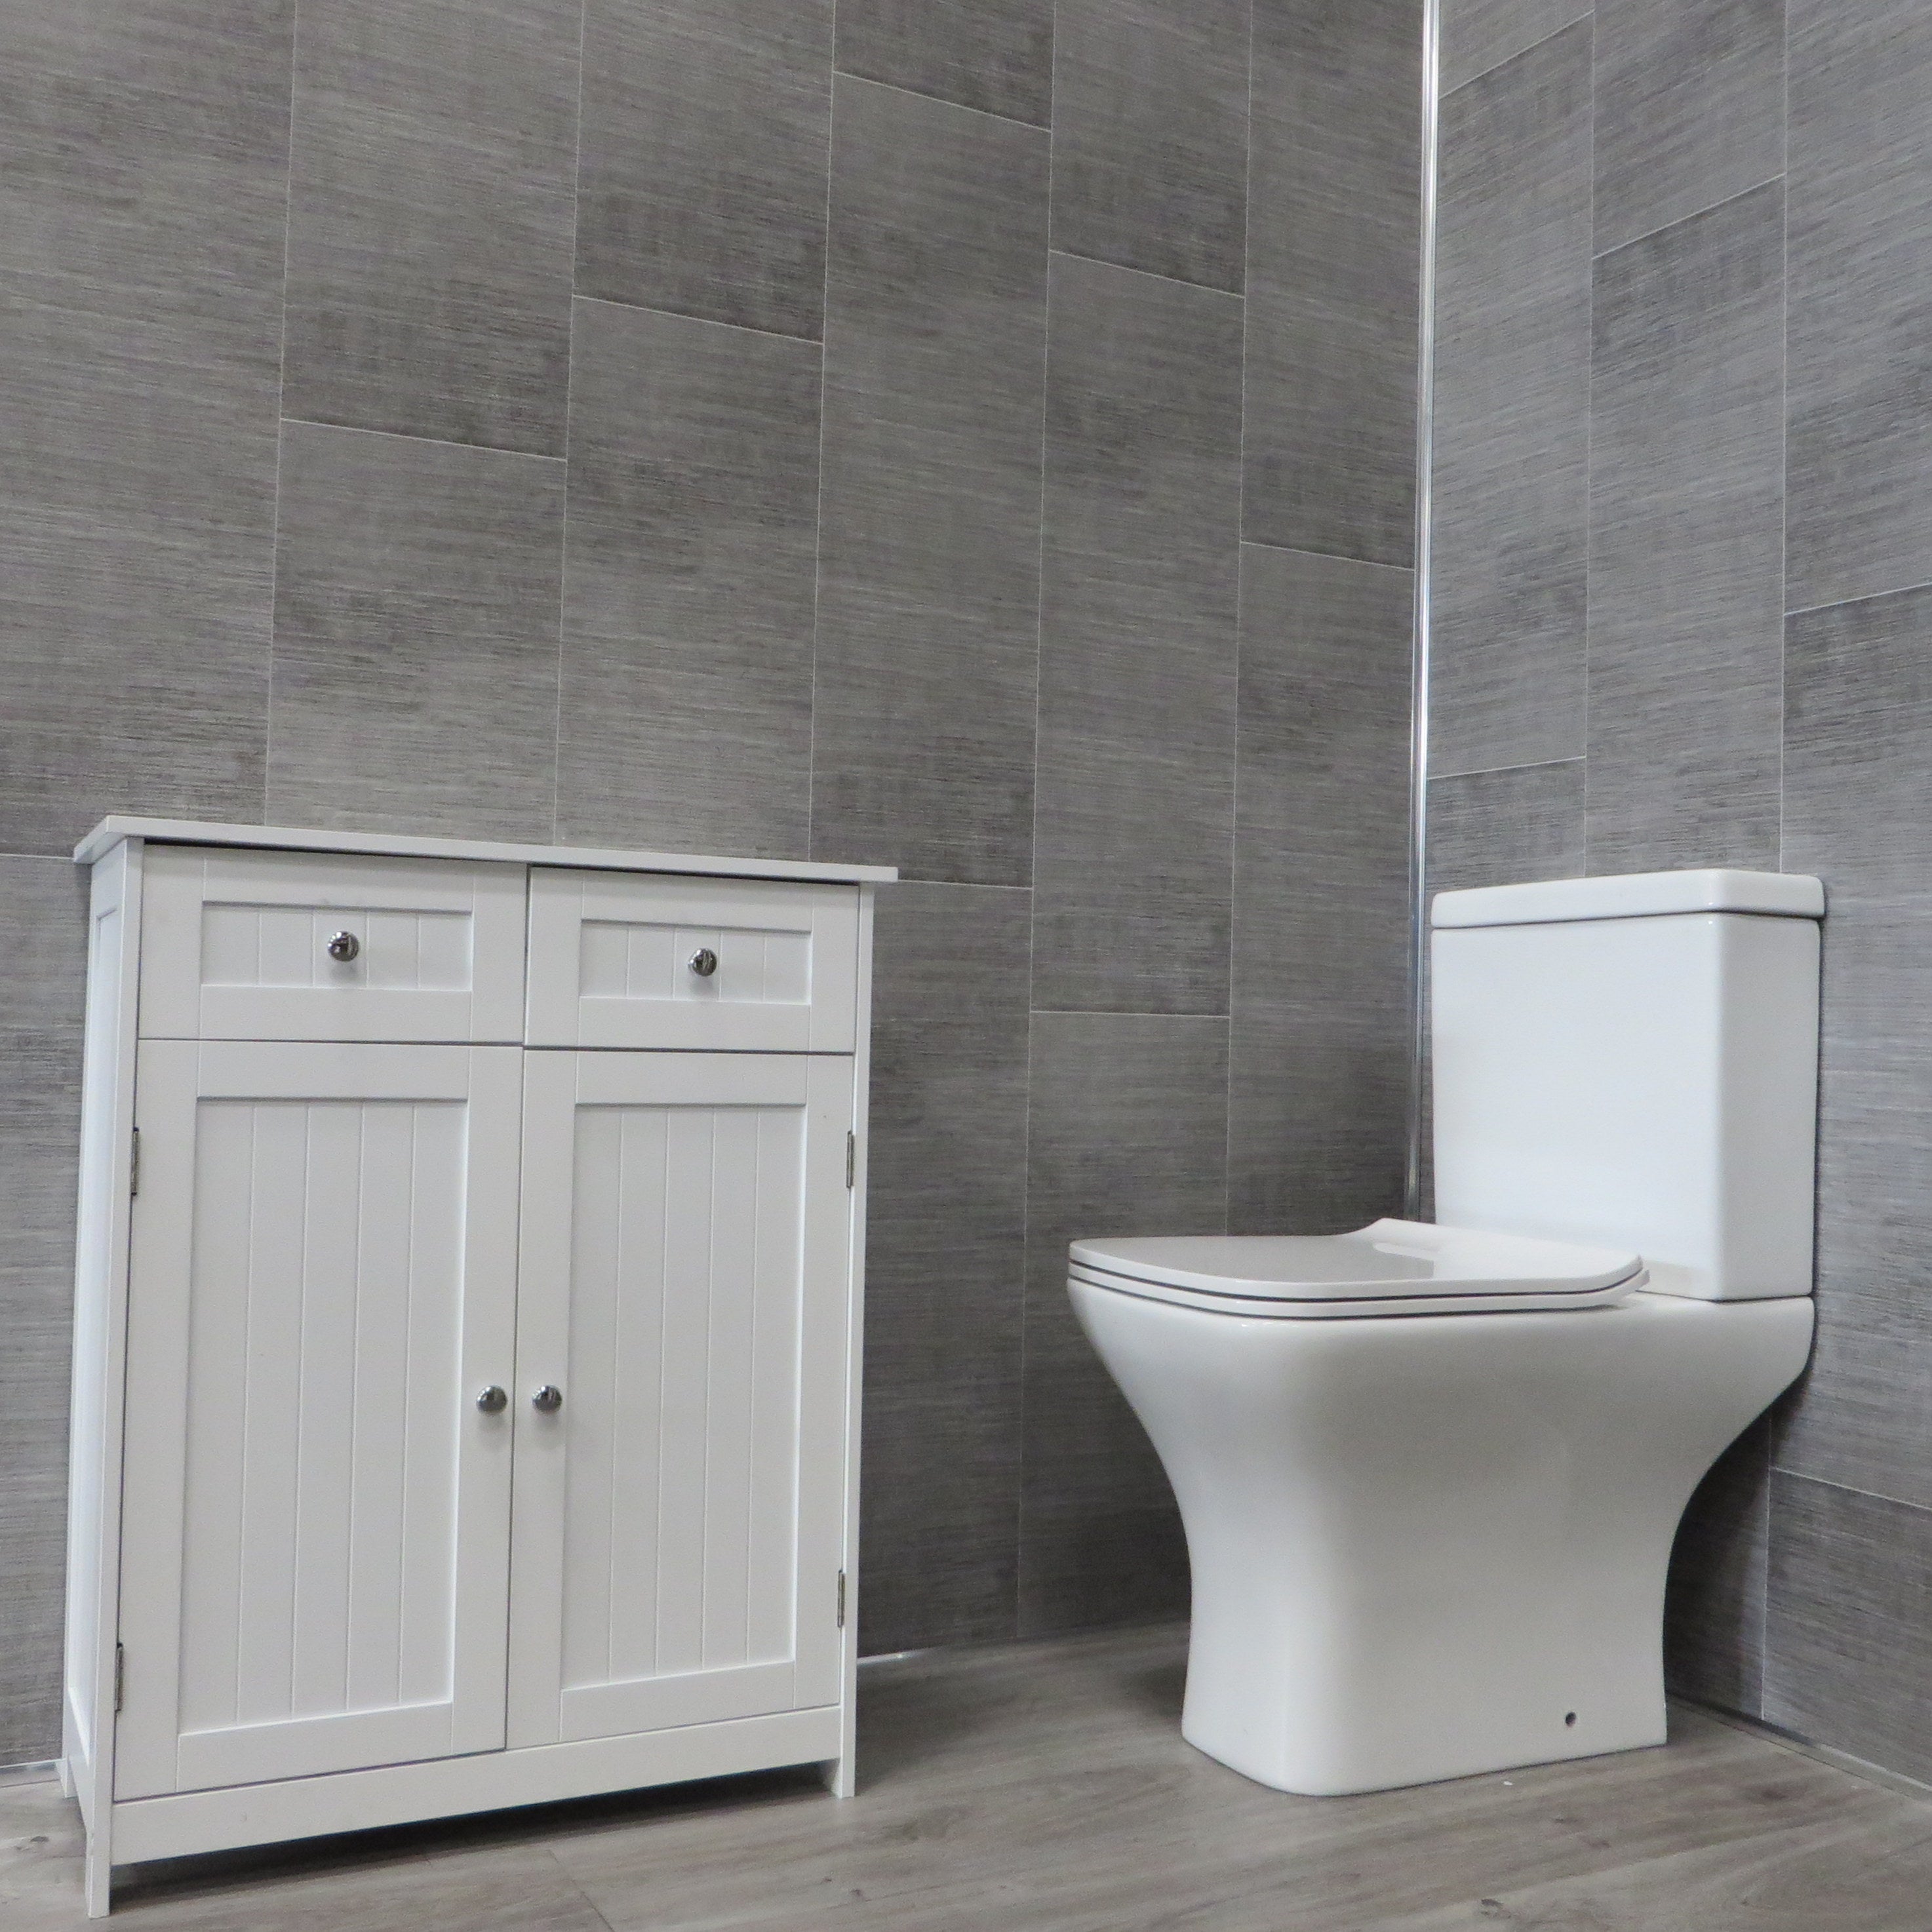 Sample of Dark Grey Large Tile 5mm Bathroom Cladding PVC Wall Panels
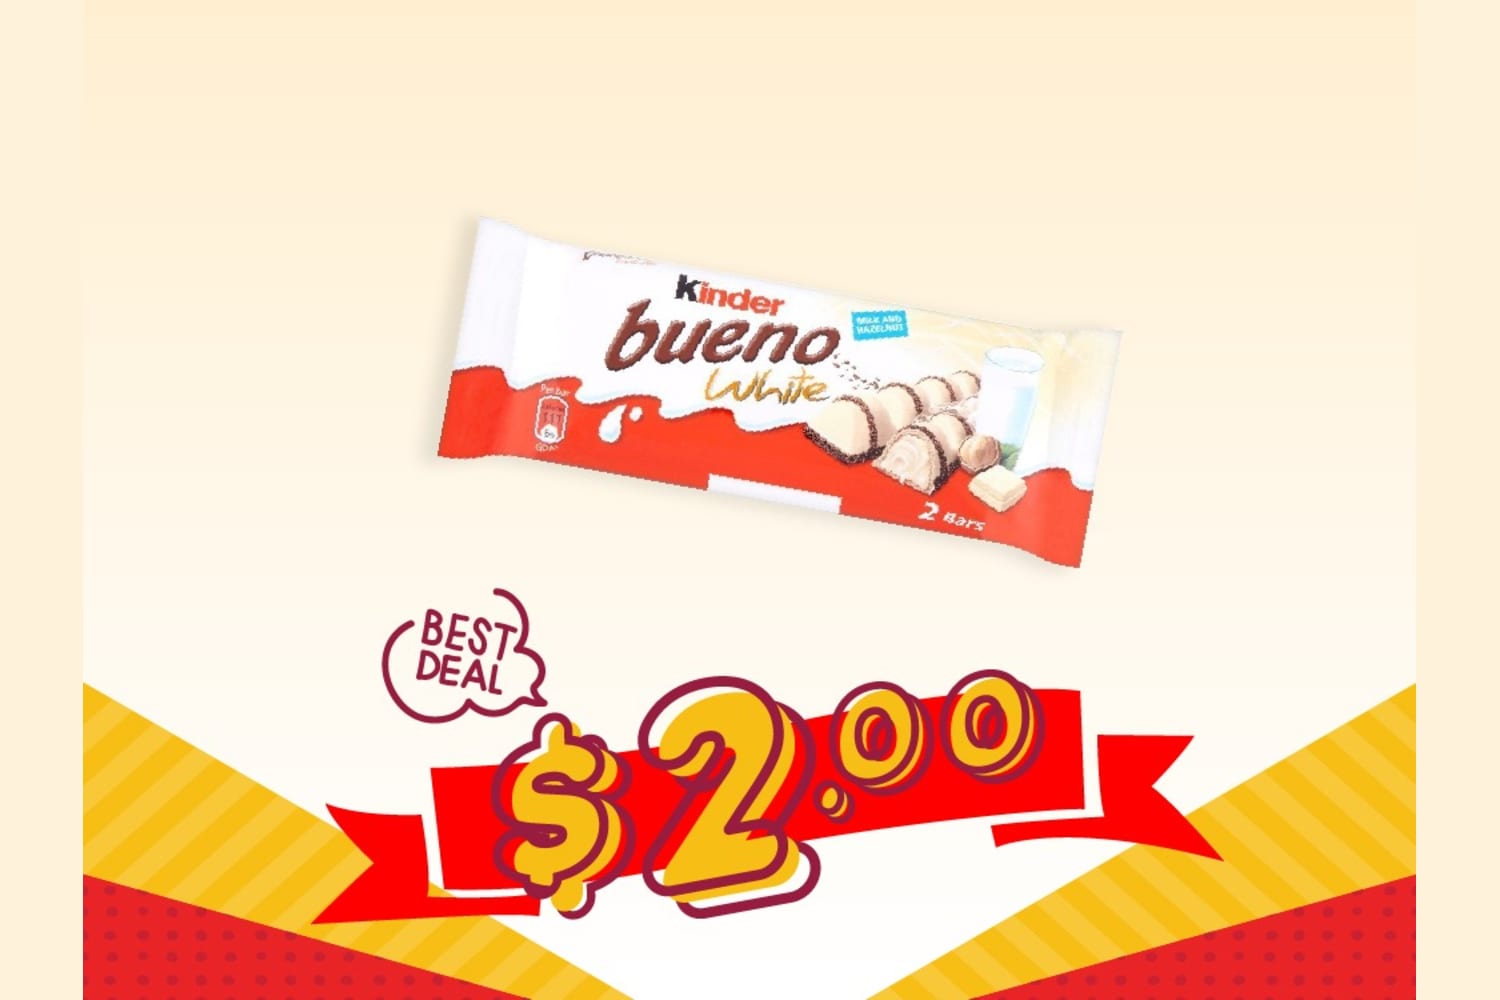 1 x Kinder Bueno Maxi White T2 [Limited Stock] at OleOle Singapore Confectionery & Liquor - Get Deals, Cashback and Rewards with ShopBack GO
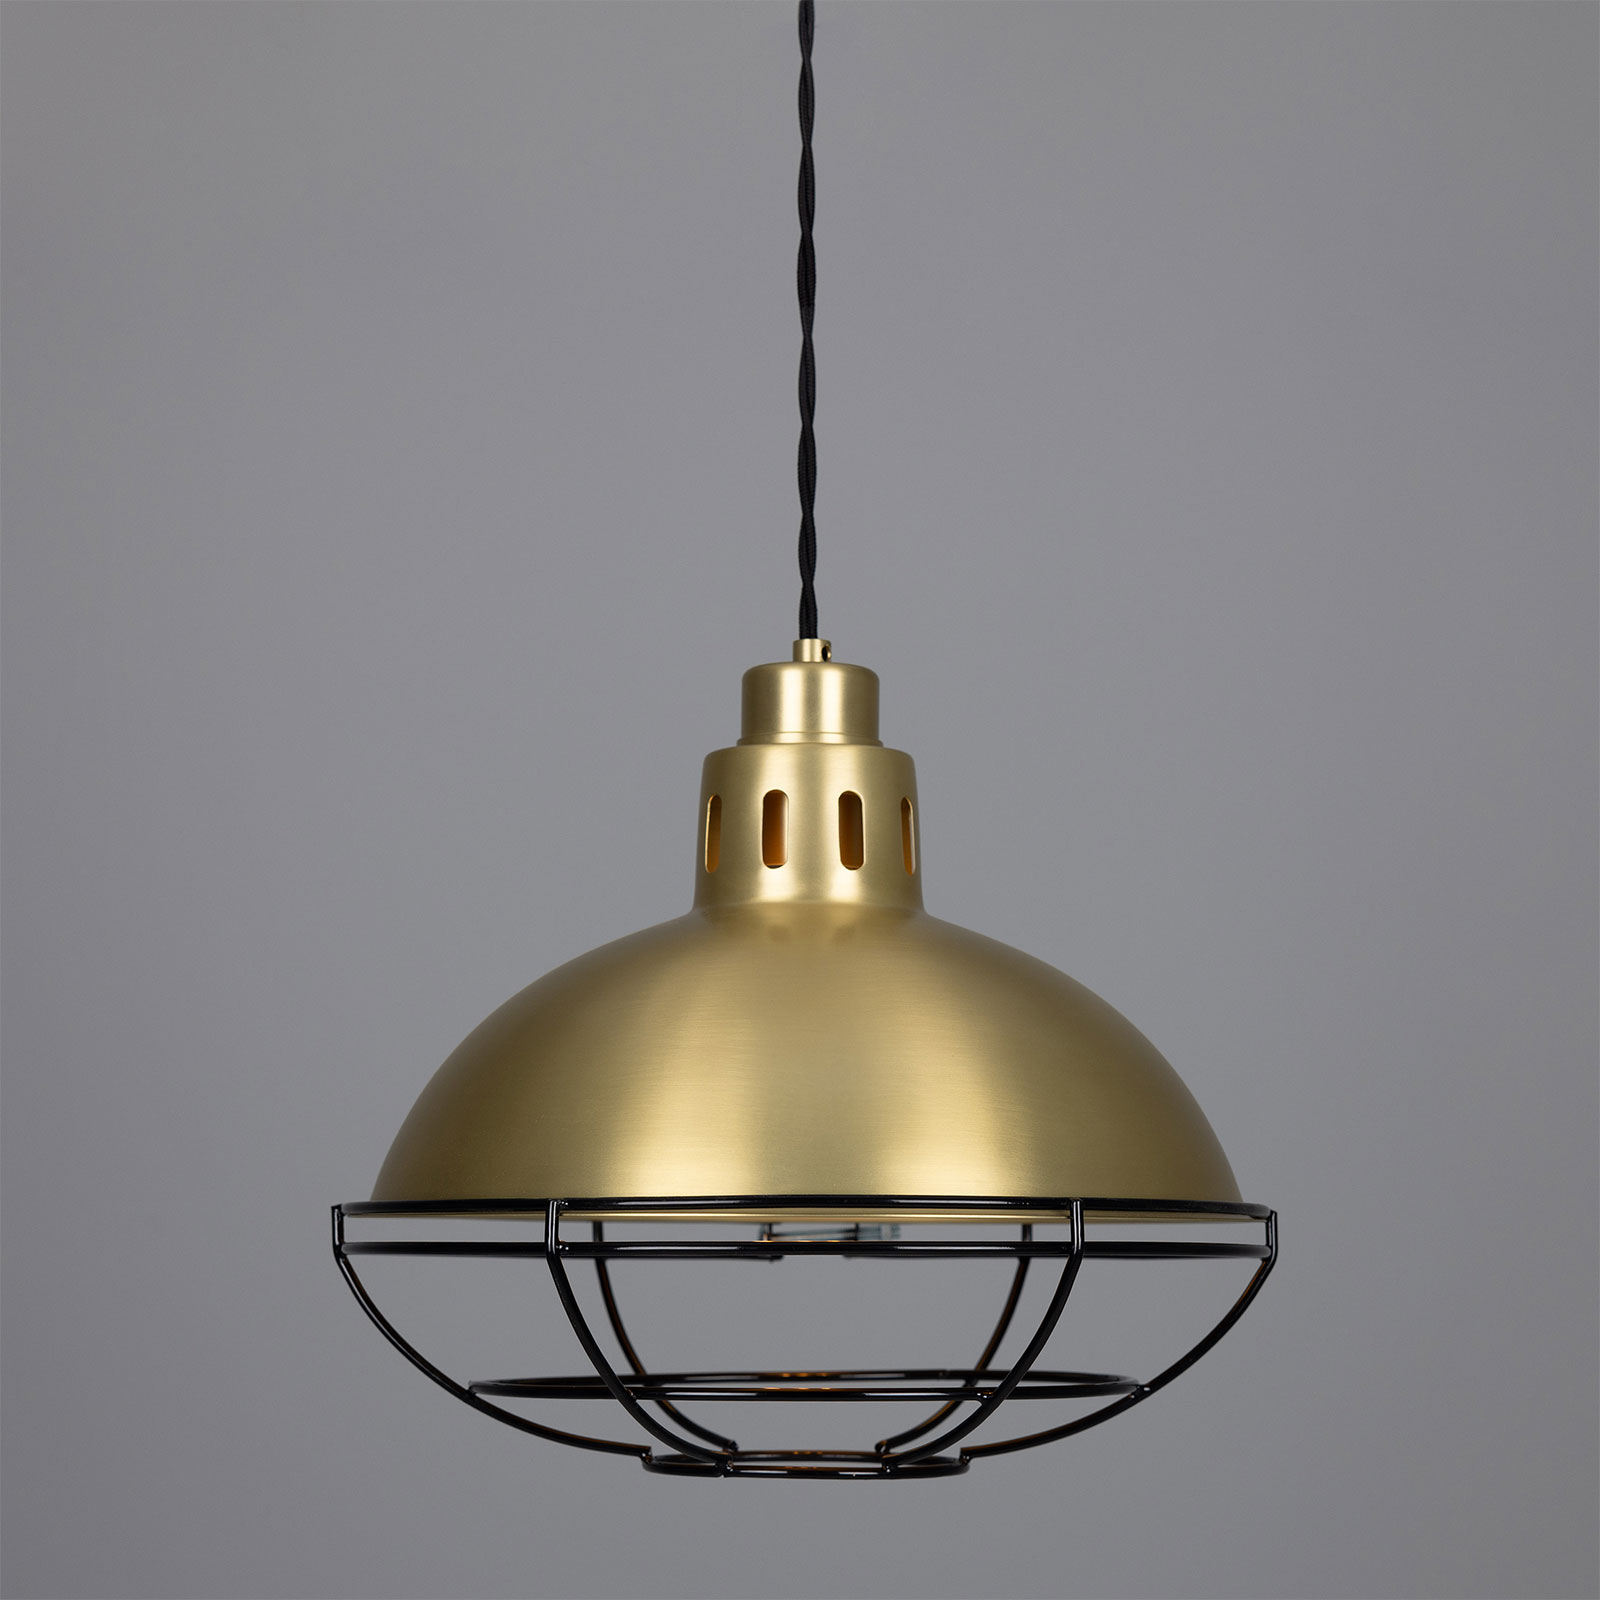 Klassische Fabriklampe aus Messing mit Schutzgitter-Käfig, 32 cm: Messing matt satiniert

+---+

[AIM OF THE TASK] Would you copy each line above exactly as given, dropping any images?

[TASK RESULT]
 Sample of Dark Grey Large Tile 5mm Bathroom Cladding PVC Wall Panels
 1 x Kinder Bueno Maxi White T2 [Limited Stock] at OleOle Singapore Confectionery & Liquor - Get Deals, Cashback and Rewards with ShopBack GO
 Klassische Fabriklampe aus Messing mit Schutzgitter-Käfig, 32 cm: Messing matt satiniert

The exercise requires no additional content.